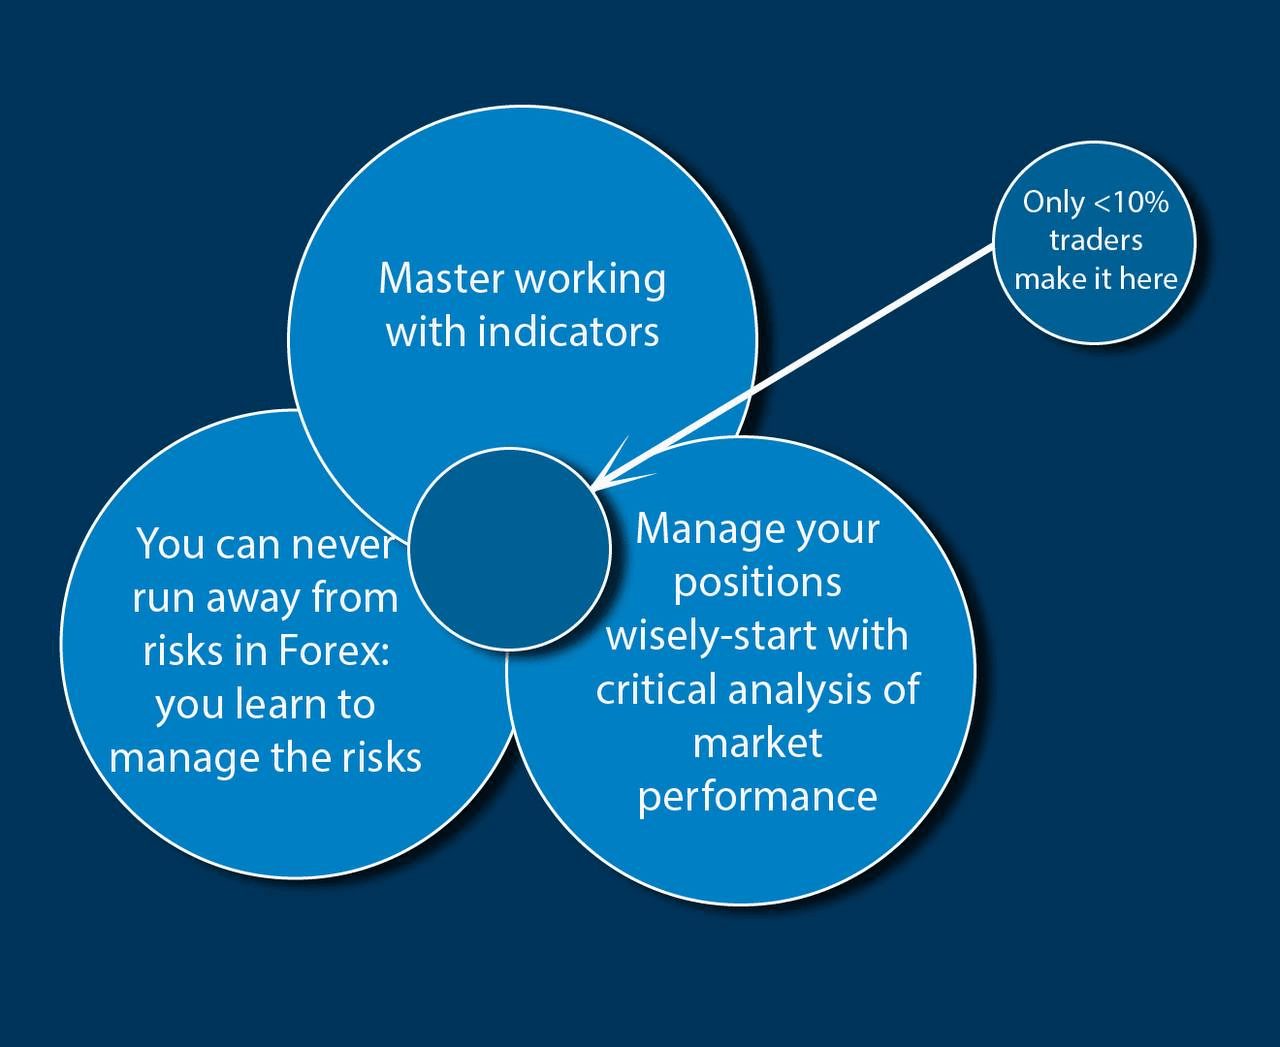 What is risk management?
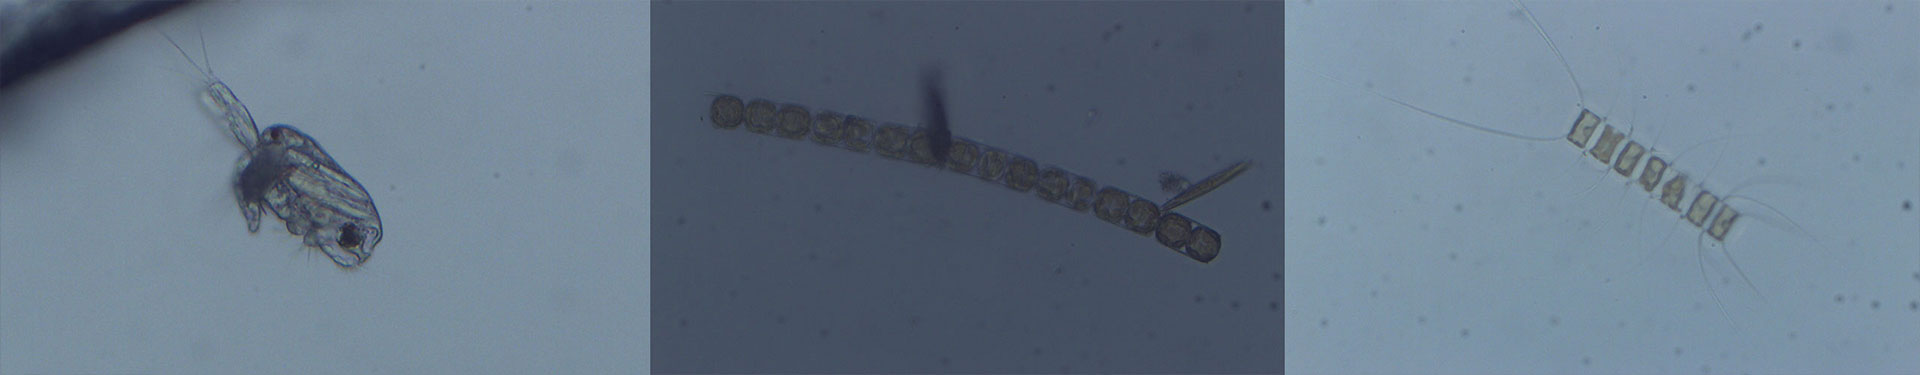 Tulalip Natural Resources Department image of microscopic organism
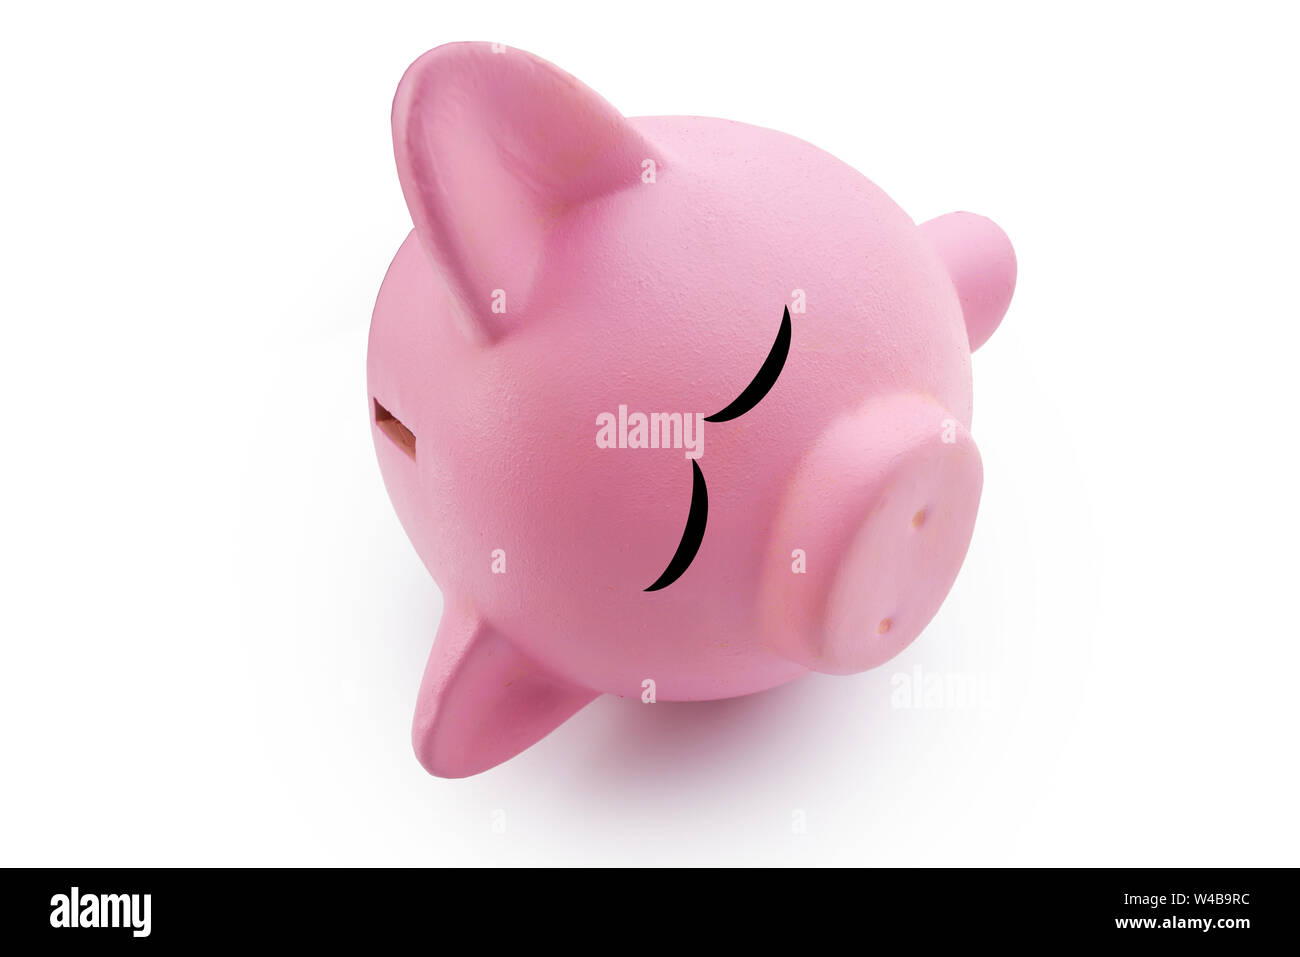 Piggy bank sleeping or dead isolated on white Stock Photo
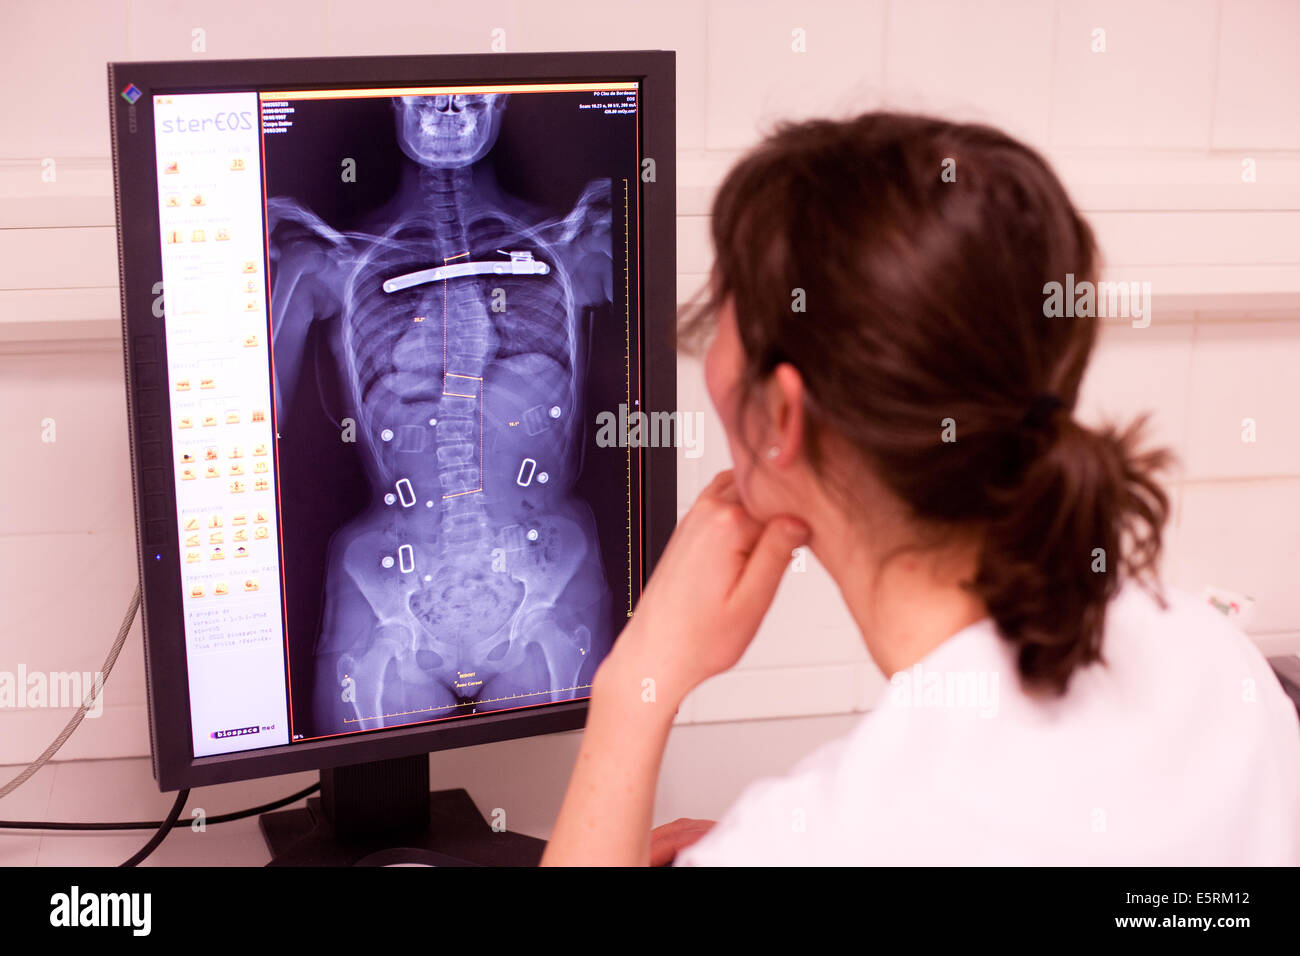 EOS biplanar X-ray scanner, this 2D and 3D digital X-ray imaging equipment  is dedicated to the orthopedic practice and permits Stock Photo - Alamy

**Task statement**
Output the lines above in full and exactly as given, omitting any pictures.

**Result of this task**
 What is risk management?
 Tulalip Natural Resources Department image of microscopic organism
 Piggy bank sleeping or dead isolated on white Stock Photo
 EOS biplanar X-ray scanner, this 2D and 3D digital X-ray imaging equipment  is dedicated to the orthopedic practice and permits Stock Photo - Alamy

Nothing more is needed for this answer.